# Checking speed of operation in numpy and scipy.sparse

The authors of **Fast Multiresolution Image Querying** use only a handful of wavelet coefficients for thresholding and then comparison (paragraph 2.2 4). One of the motivations is to accelerate search.
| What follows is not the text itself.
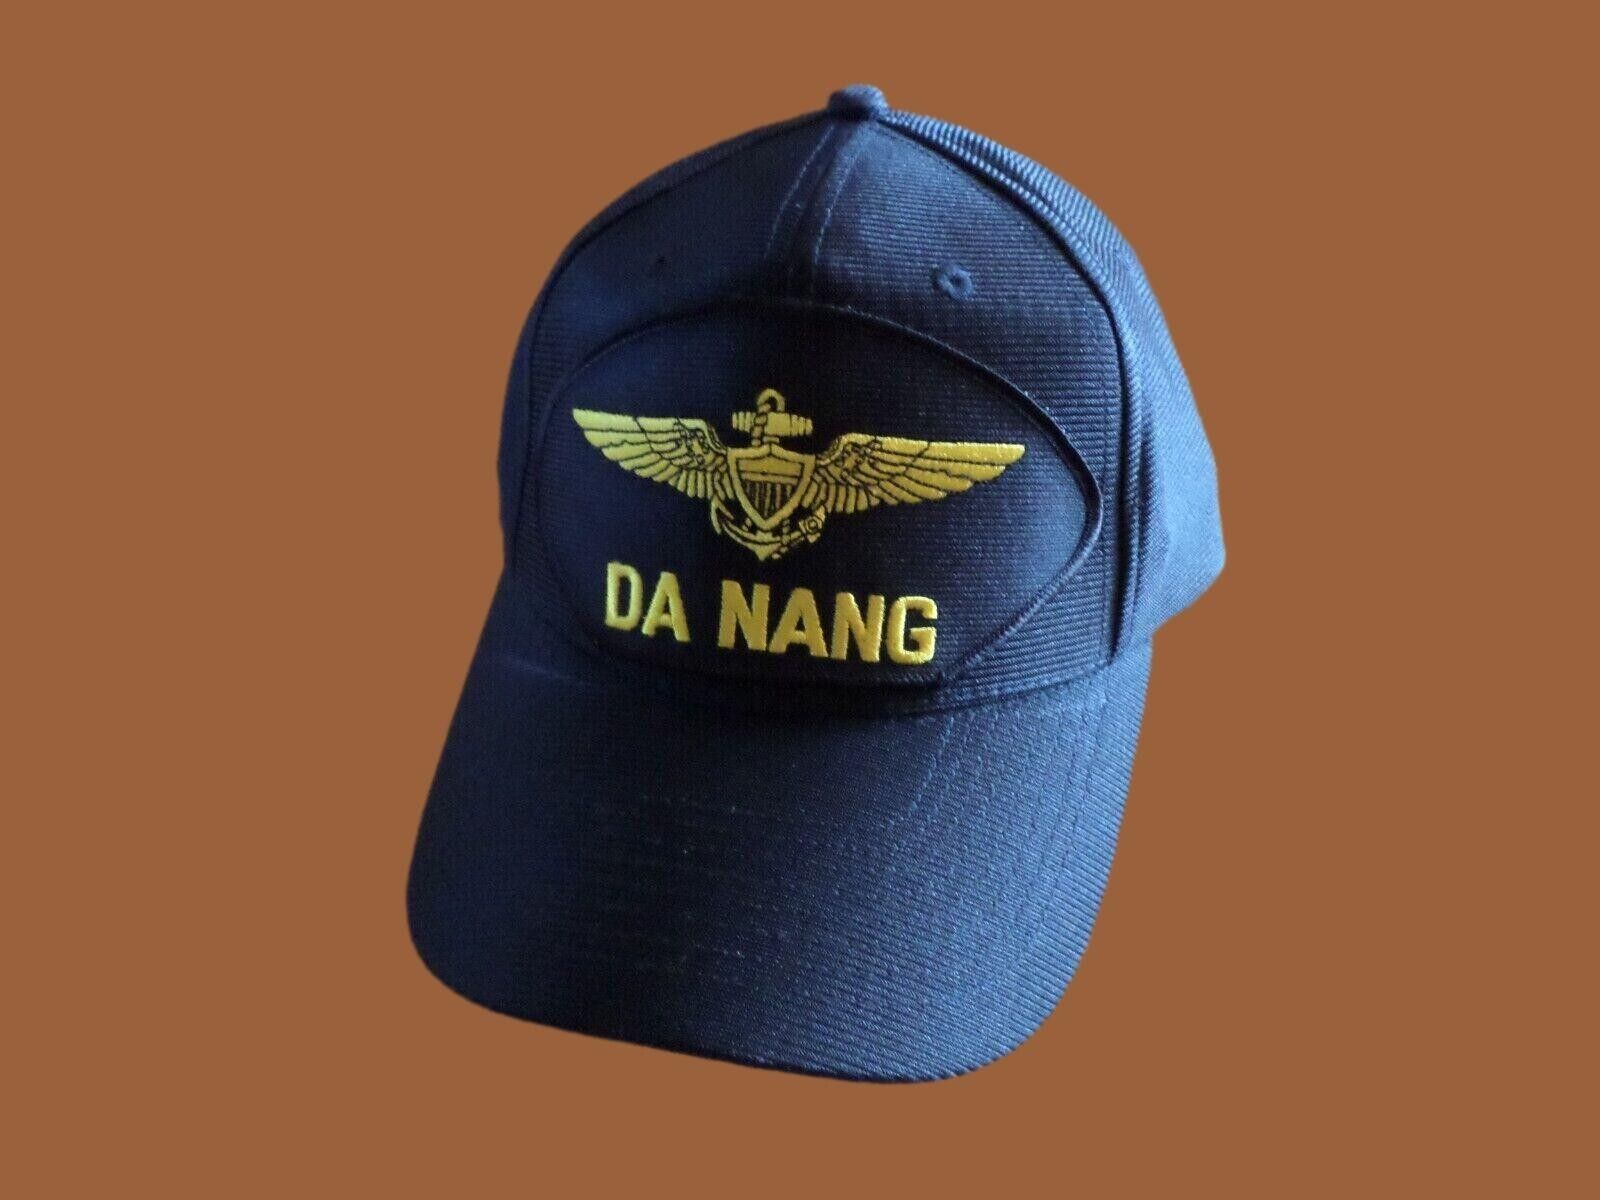 DA NANG HAT WITH GOLD NAVY PILOT WINGS U.S MILITARY OFFICIAL BALL CAP U.S.A MADE

We want to check whether for size 1000 vectors (with only a handful of nonzero entries) comparing them pointwise is faster using numpy dense vectors or scipy.sparse csr vectors.

In [1]:
import numpy as np
from scipy import sparse

In [2]:
N = 1000
vd = np.random.randn(N)

vds = vd[:]
vds[:950] = 0 # sparsified version of vd, but still as a numpy array

In [3]:
vs = sparse.csr_matrix(vds)
vs

<1x1000 sparse matrix of type '<class 'numpy.float64'>'
	with 50 stored elements in Compressed Sparse Row format>

In [4]:
%timeit vs != vs

180 µs ± 12.2 µs per loop (mean ± std. dev. of 7 runs, 10000 loops each)


In [5]:
%timeit vd != vd

1.36 µs ± 34.7 ns per loop (mean ± std. dev. of 7 runs, 1000000 loops each)


In [6]:
%timeit vds != vds

1.43 µs ± 118 ns per loop (mean ± std. dev. of 7 runs, 1000000 loops each)


It seems like using sparse vectors for such task doesn't make much sense, as the comparison is 100x slower for them.

To sum up, using numpy implementation is faster and easier than actually storing only nonzero coefficients, so we're going to use that.